— И что вы думаете по поводу этого аргумента?

— Мне на него плевать. Я обещал облигации ему, и он их получит. И это, черт возьми, все, что тебе следует знать.

— Куда эти облигации должны быть предъявлены к погашению? — спросил я. Вопрос был неожиданным, но он был к нему готов и ответ последовал без заминки.

— В Банк токийской трест-компании, Бродвей 100, Нью-Йорк. Естественно, ты это тоже проверишь. Но делай это за свой счет, а не за мой. А теперь убирайся отсюда и найди мне этот “Мерседес”.

Я встал.

— А где находится тайник?

Он надул щеки, как гротескный херувим, мягко выпустил воздух и сказал:

— Это не твое дело. Я доверяю тебе, но не настолько, чтобы сообщать тебе, где лежат облигации на десять тысяч фунтов.

Я сделал для вида печальное лицо и направился к двери, мимо полицейского, который поймал его пьяным за рулем, мимо торговца драгоценностями, который подменил ему камни, мимо стройного латиноамериканца, который, вероятно, продал ему фальсифицированный золотой рудник, мимо мужчин и женщин, которые когда-то на какое-то время возникали у него на пути, вымогали у него деньги, обирали его, а потом жили и умирали, сожалея о содеянном. Ни на секунду я не поверил в его рассказ про облигации — вернее, что именно они находились в тайнике машины. Да, японские императорские облигации существовали. Он просто зацепился за них, чтобы я отстал. А я сделал вид, что поверил. А почему нет? Работа есть работа, а за эту хорошо заплатят, а когда я получу машину, кто-то — я пока не знал, кто именно — заплатит еще лучше за то, что находится в тайнике.

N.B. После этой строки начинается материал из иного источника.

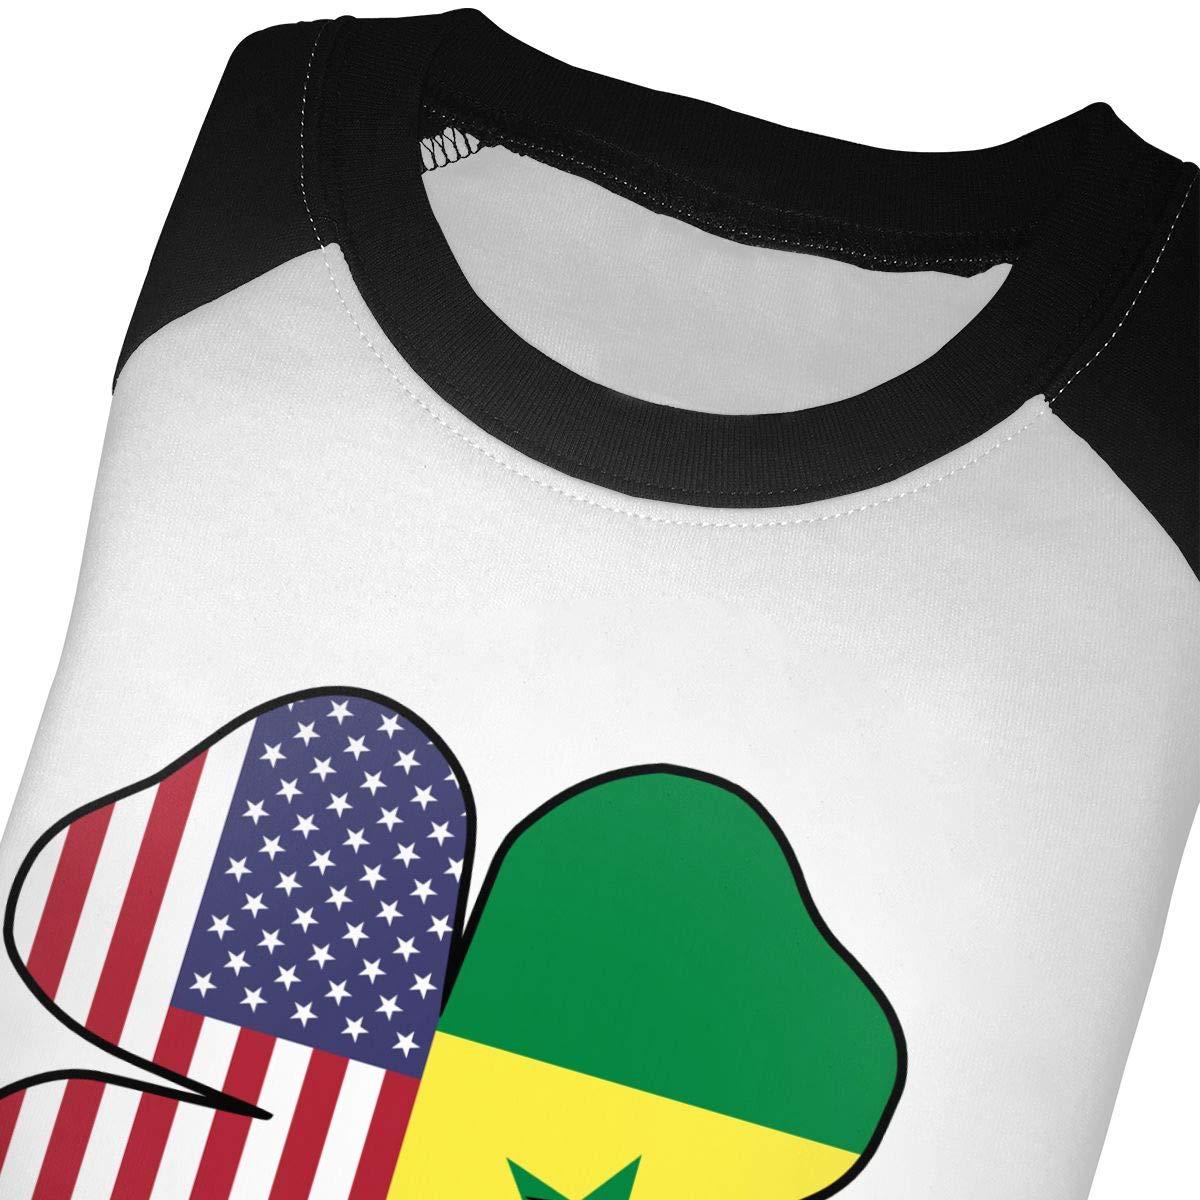 QPKMRTZTX0 Boys Girls Kids /& Toddler American Senegal Flag Shamrock Long Sleeve T-Shirt 100/% Cotton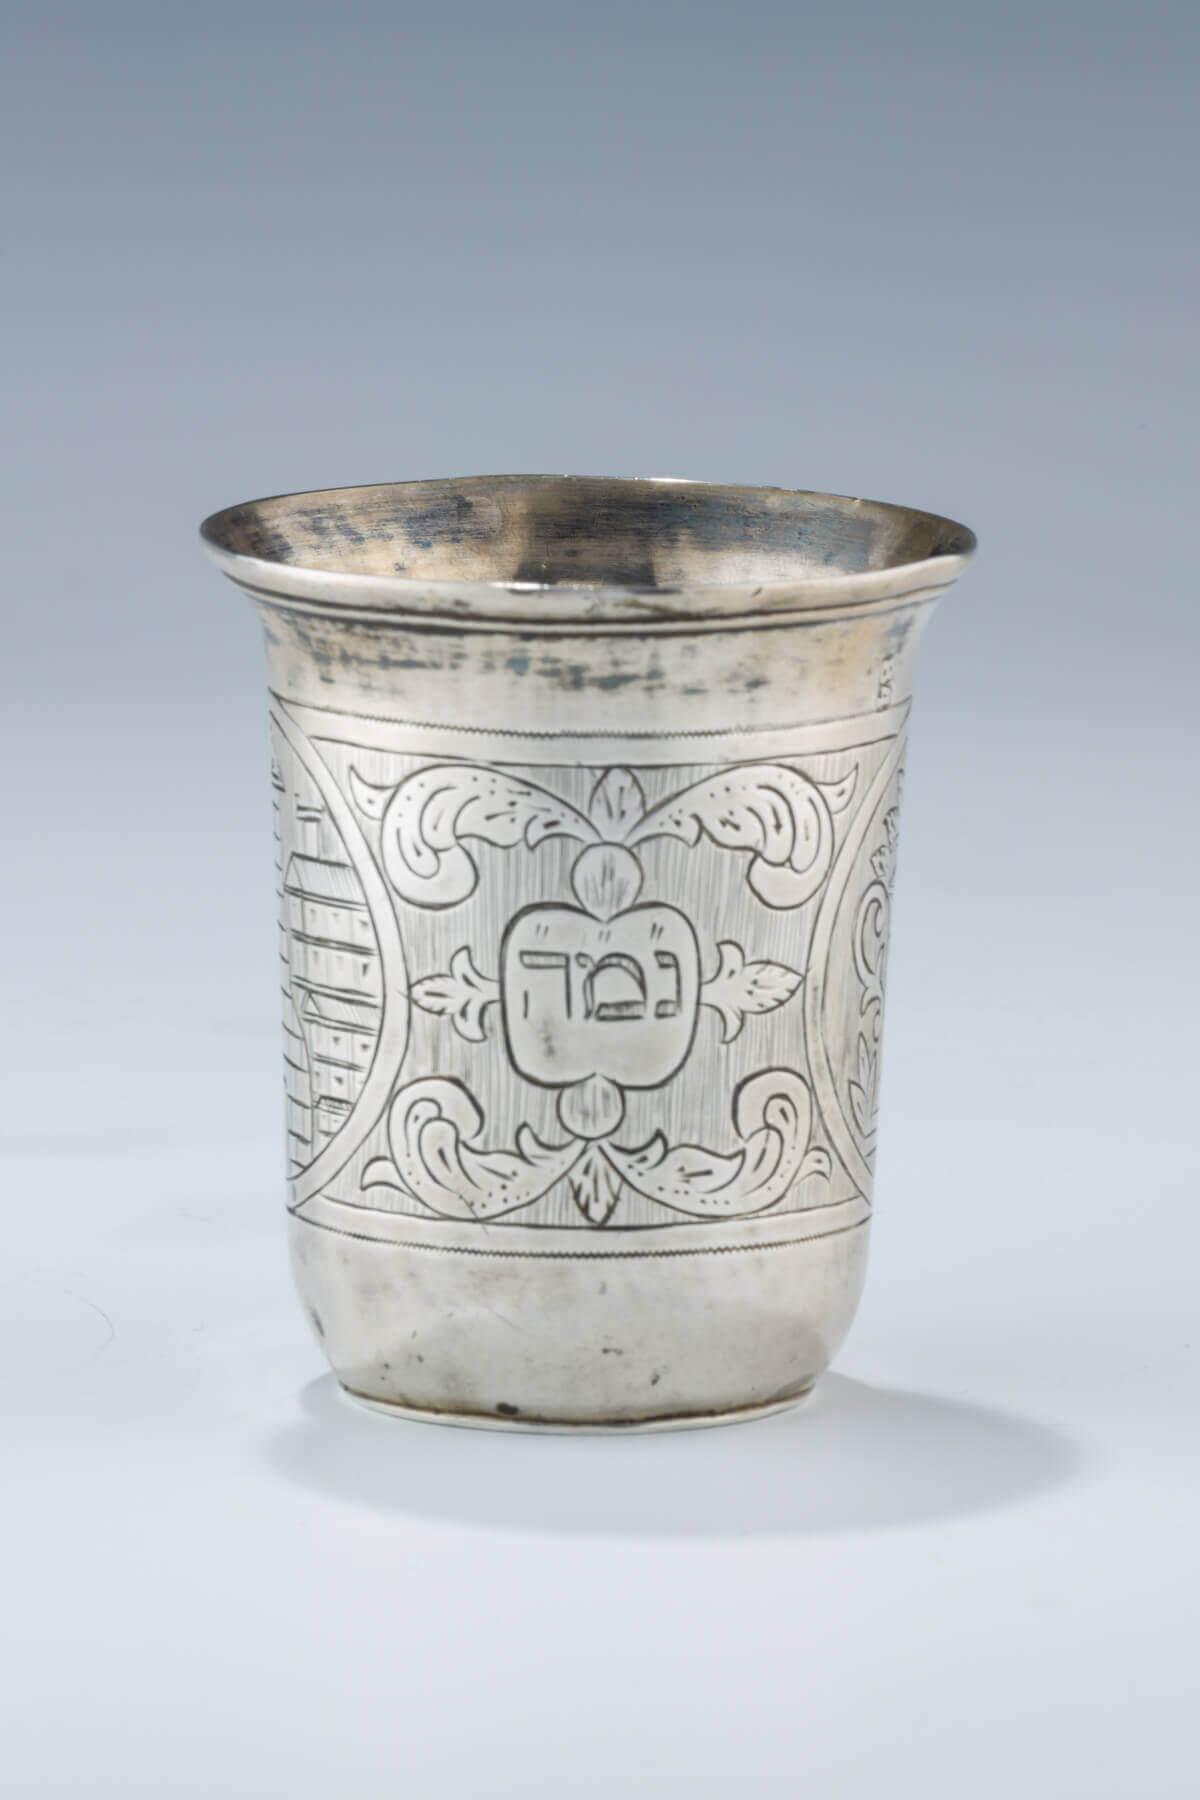 031. A SILVER SHMIROTH KIDDUSH CUP

Я отправился в свою комнату, пыхтя забрался по винтовой лестнице на свою башню, желая поскорее собрать вещи и уехать. В комнате меня поджидала мисс Зелия Юнге-Браун.

Она сидела у окна. На ней была голубая куртка, голубая юбка и мощные туристские ботинки и выглядела она так, словно только что вернулась из длинного пешего путешествия по сосновому лесу.

— Итак, вы наконец решили сойти на берег? — спросил я.

— Да. — Она подняла руку и провела ею по своим темным волосам, слегка насупив брови. Никакого намека на улыбку на ее лице, но, подумал я, нет того ледяного холода, который чуть было не заморозил меня во время нашей последней встречи.

Когда я бросил свой чемодан на кровать и начал укладывать свою пижаму, которую какой-то лакей уже выложил, она встала.

— Я сделала глупость, послав письмо Максу Анзермо. Мне следовало бы догадаться, что именно этого вы и ожидали от меня. Вы должно быть, остались довольны собой.

— Между нами, — сказал я, — Макс мертв.

— Мертв?

— Да. Вы хотите, чтобы я выказал печаль по этому поводу?

— Но вы...

— Нет, я не делал этого. Но Макс мертв и я не собираюсь оплакивать его. Меня интересует только машина. Вашего отца тоже.

— Отчима.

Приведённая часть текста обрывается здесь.